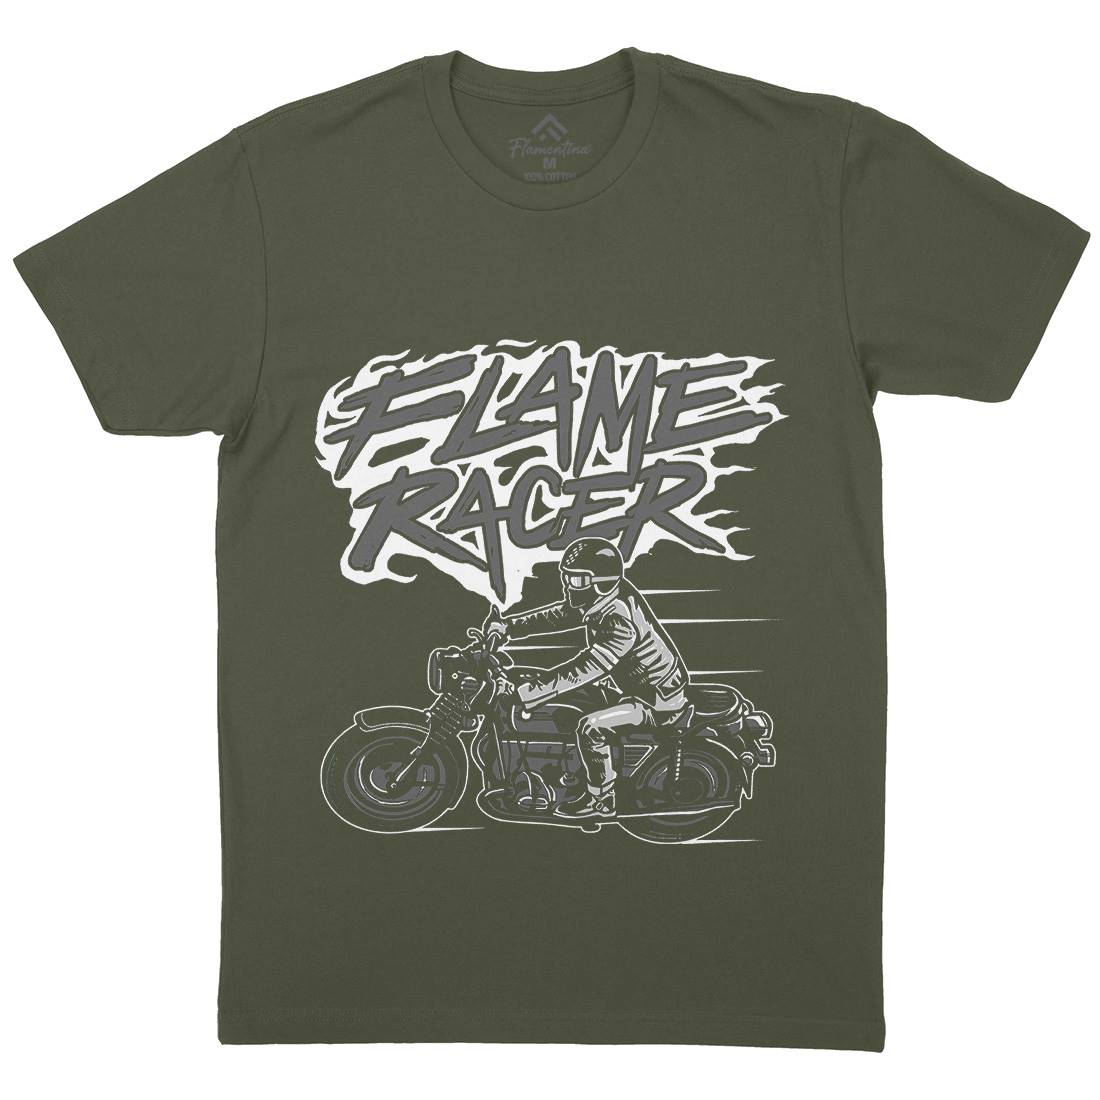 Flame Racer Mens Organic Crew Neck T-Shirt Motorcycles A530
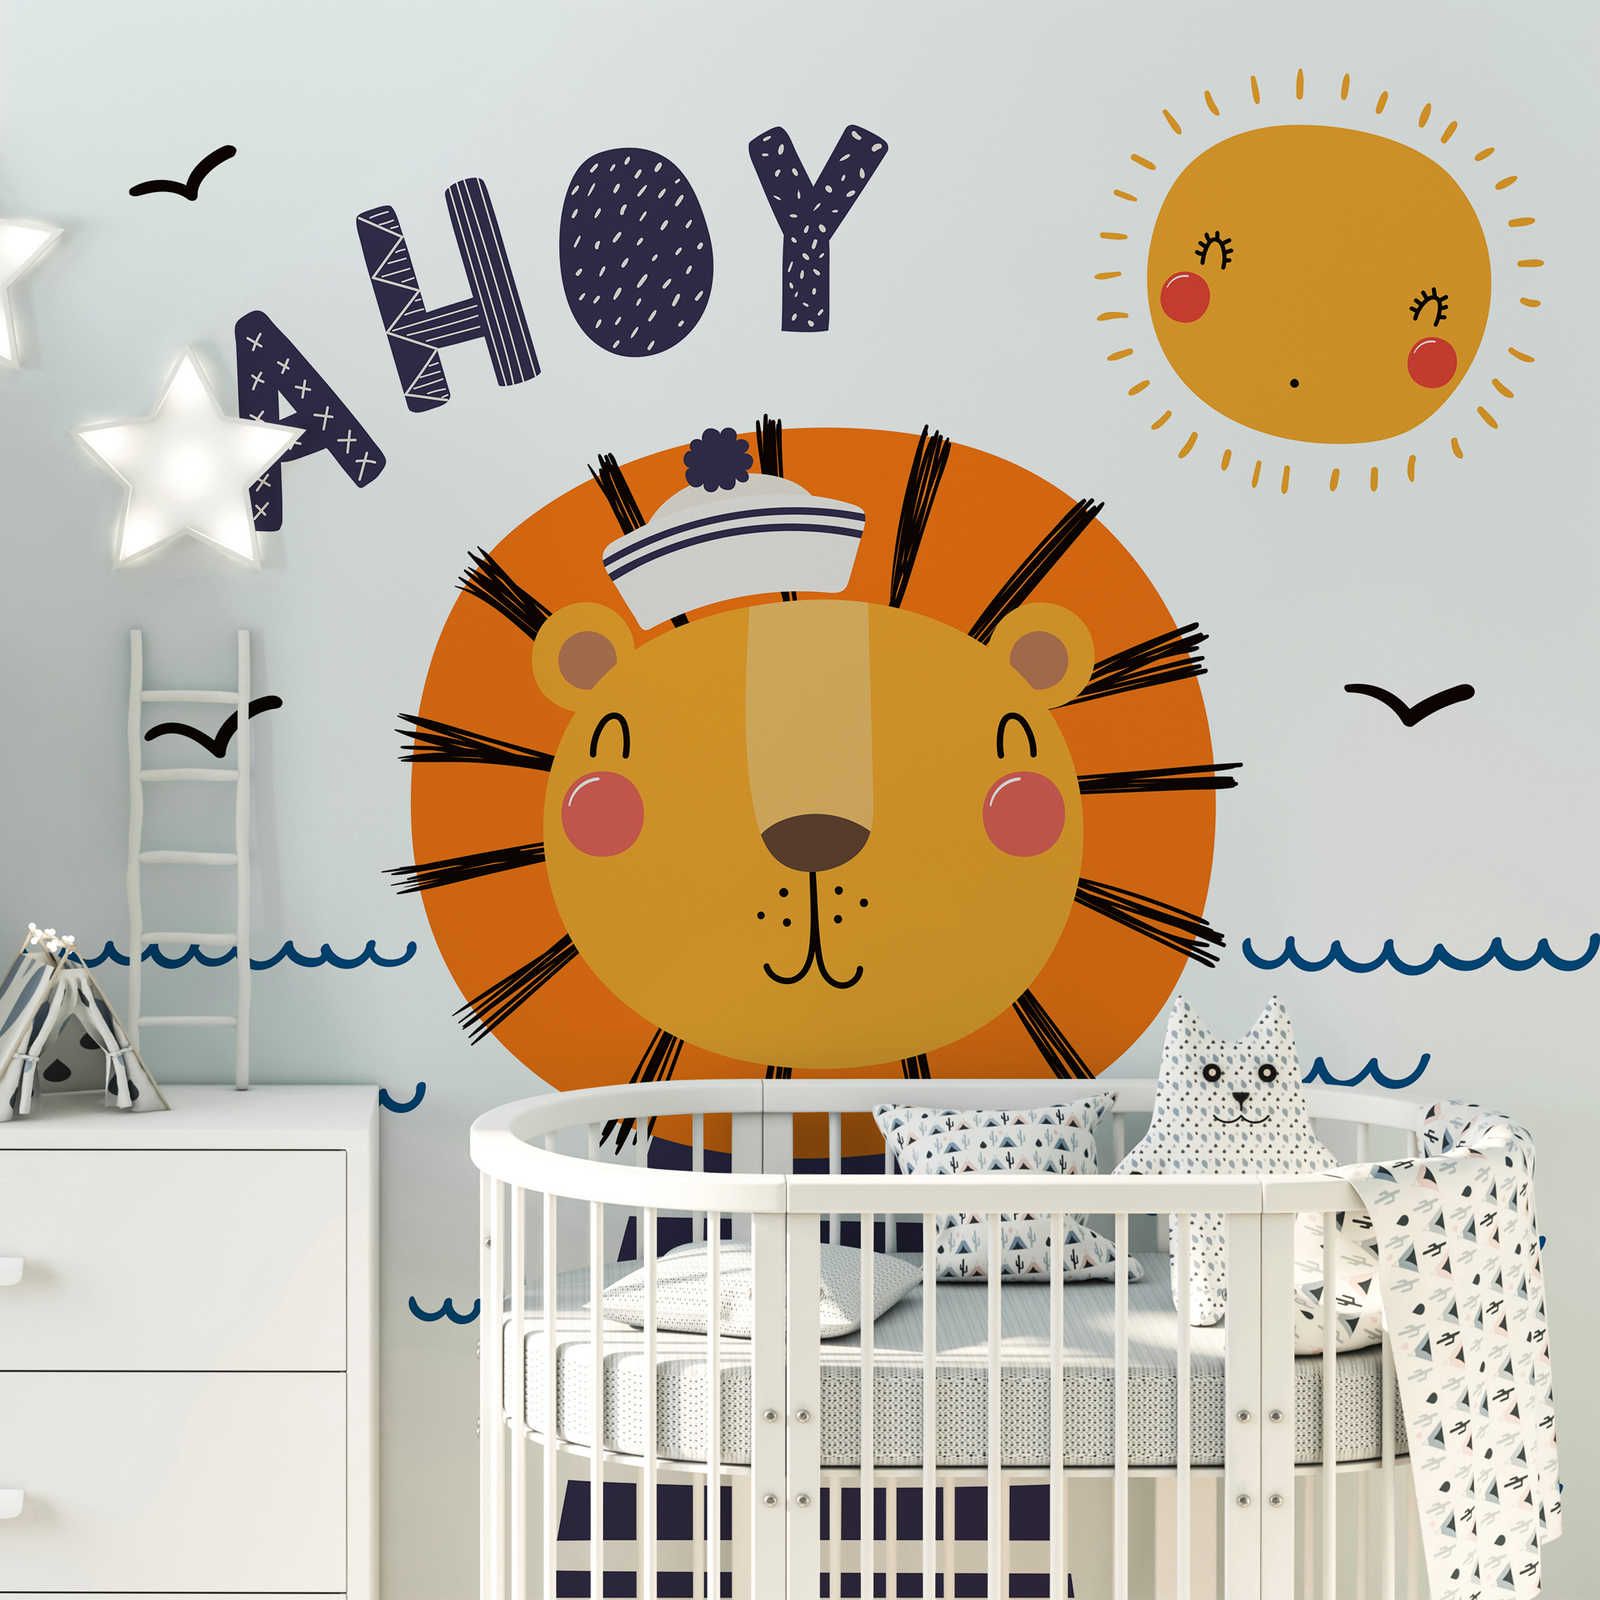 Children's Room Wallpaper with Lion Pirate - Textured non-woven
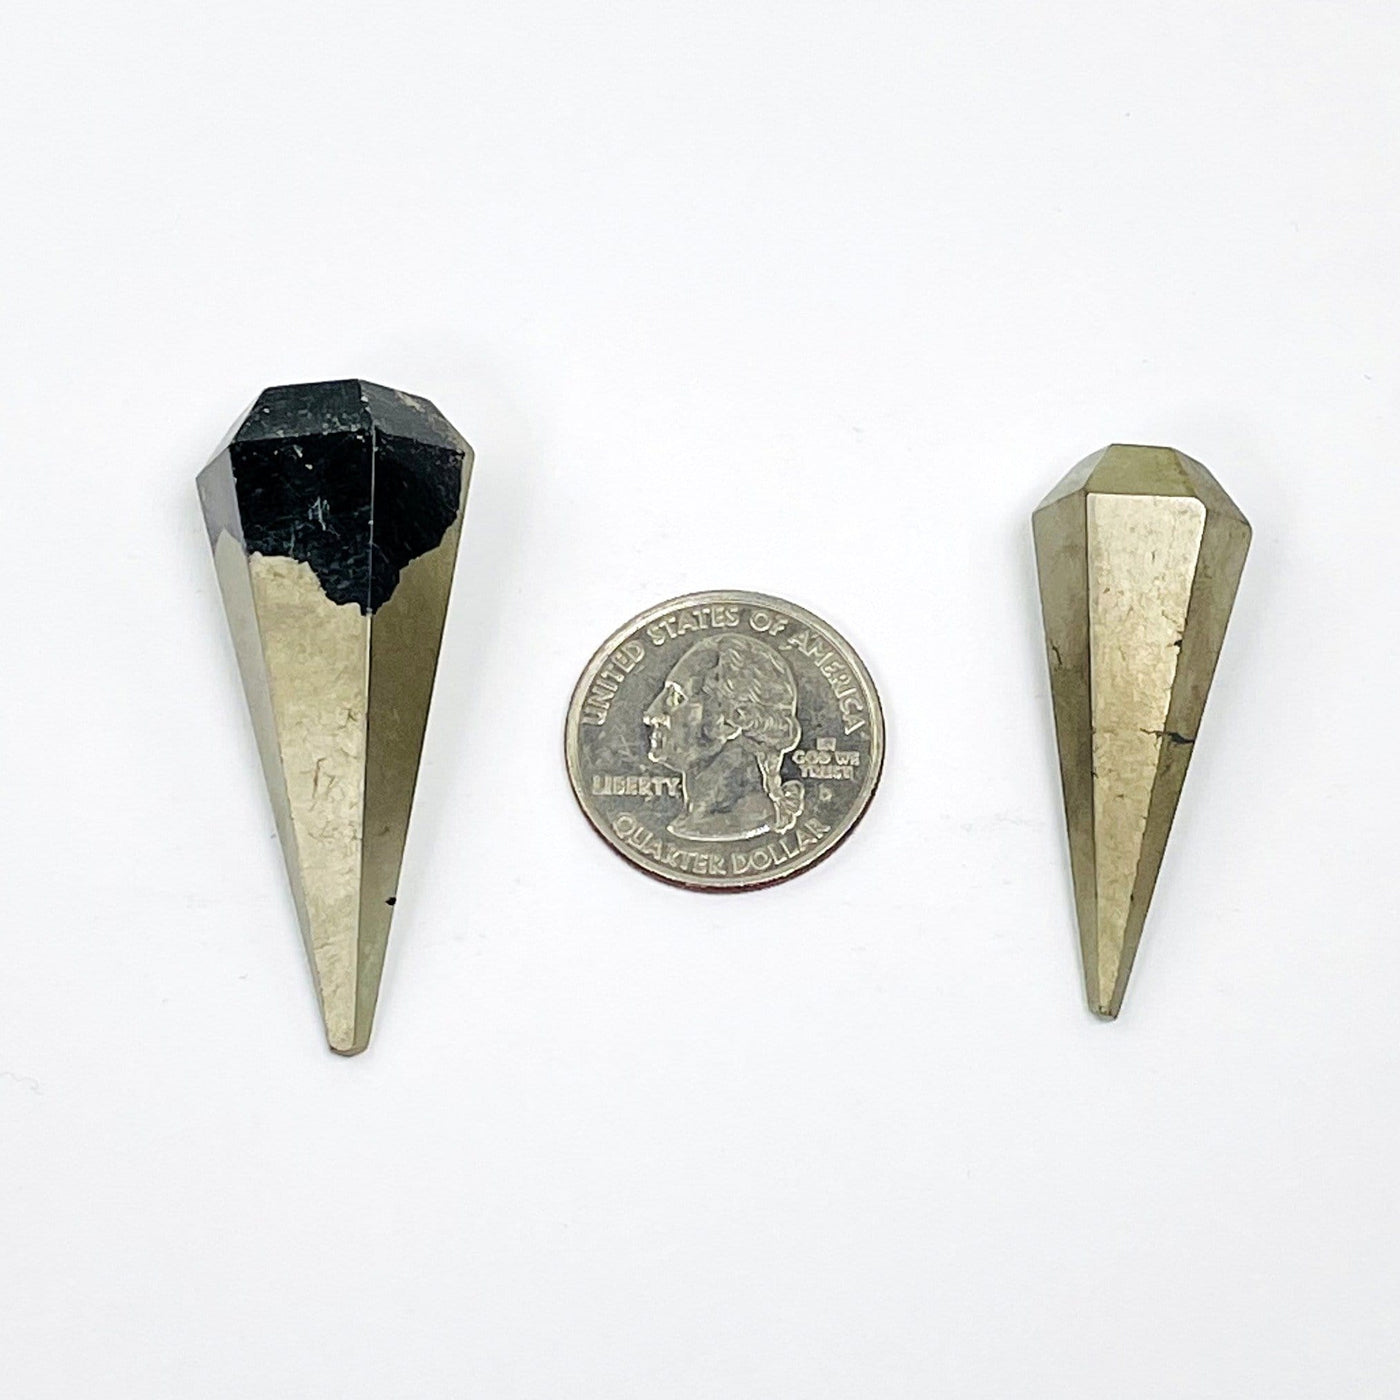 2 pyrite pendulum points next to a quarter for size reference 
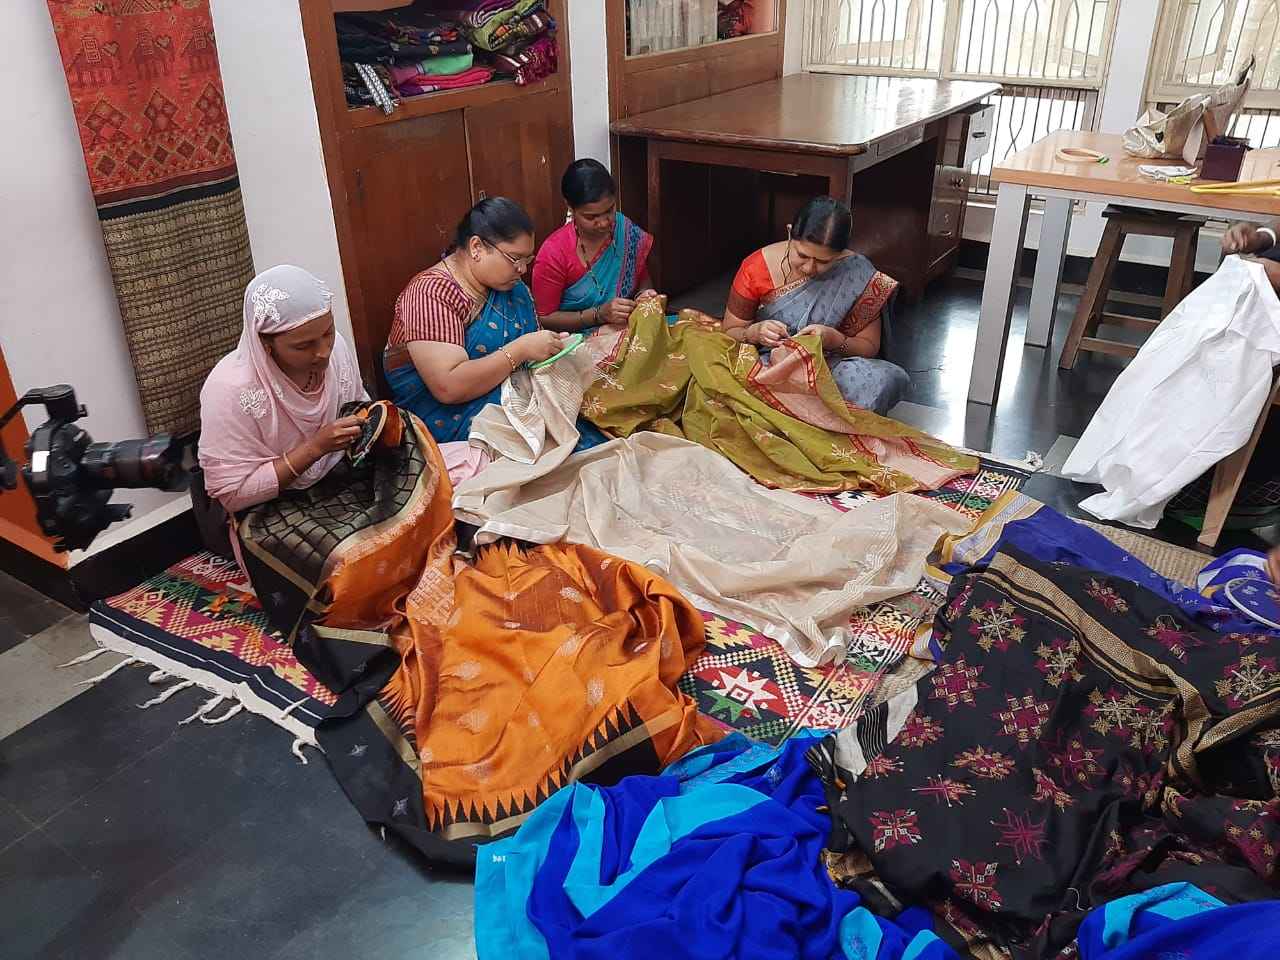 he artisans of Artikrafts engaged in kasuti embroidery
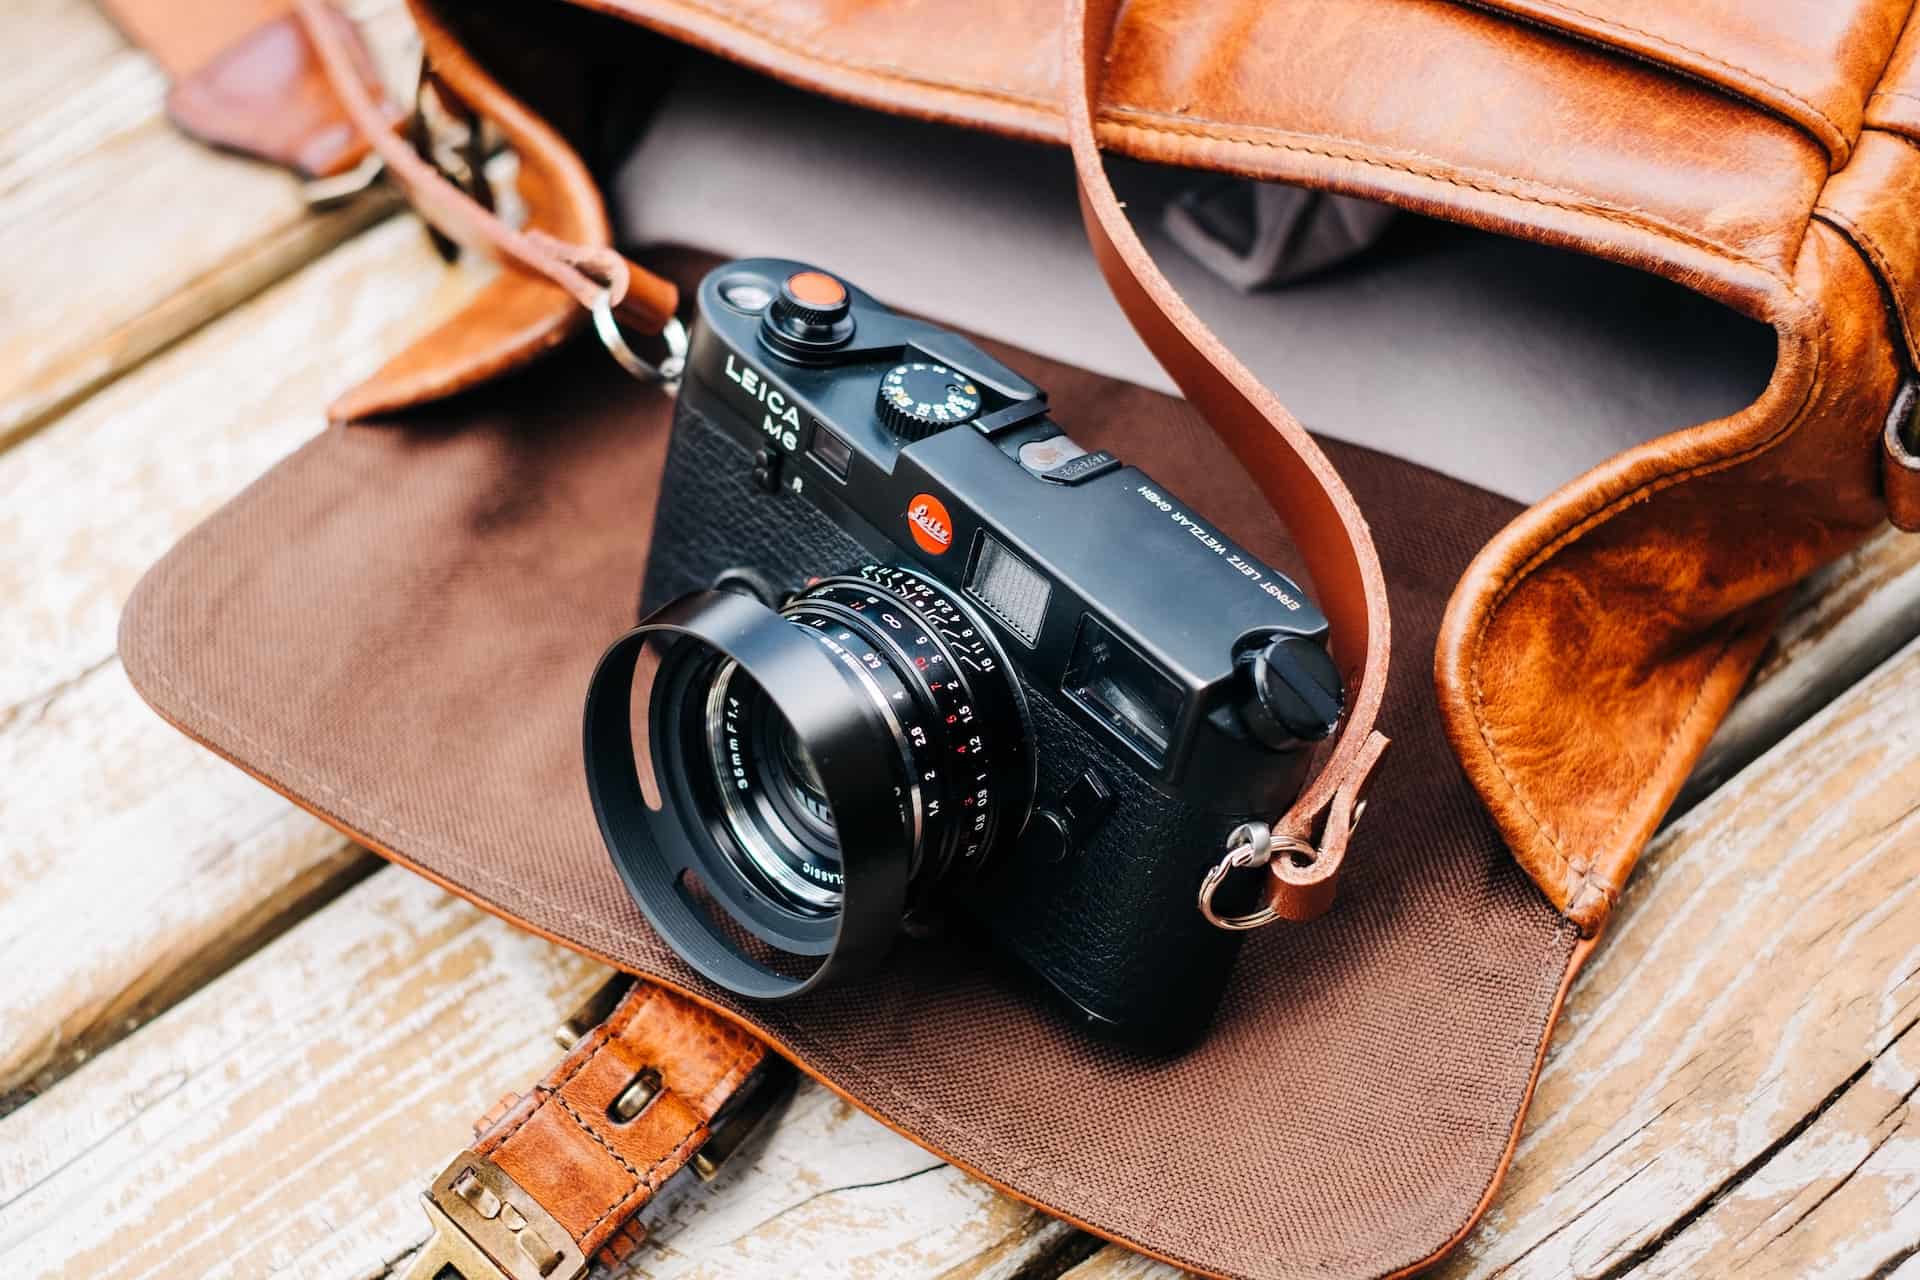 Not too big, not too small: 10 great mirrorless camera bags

======

The listing above must be restated word for word. Its pictures are to be left out.

 Flame Racer Mens Organic Crew Neck T-Shirt Motorcycles A530
 Children's Room Wallpaper with Lion Pirate - Textured non-woven
 2 pyrite pendulum points next to a quarter for size reference 
 he artisans of Artikrafts engaged in kasuti embroidery
 Not too big, not too small: 10 great mirrorless camera bags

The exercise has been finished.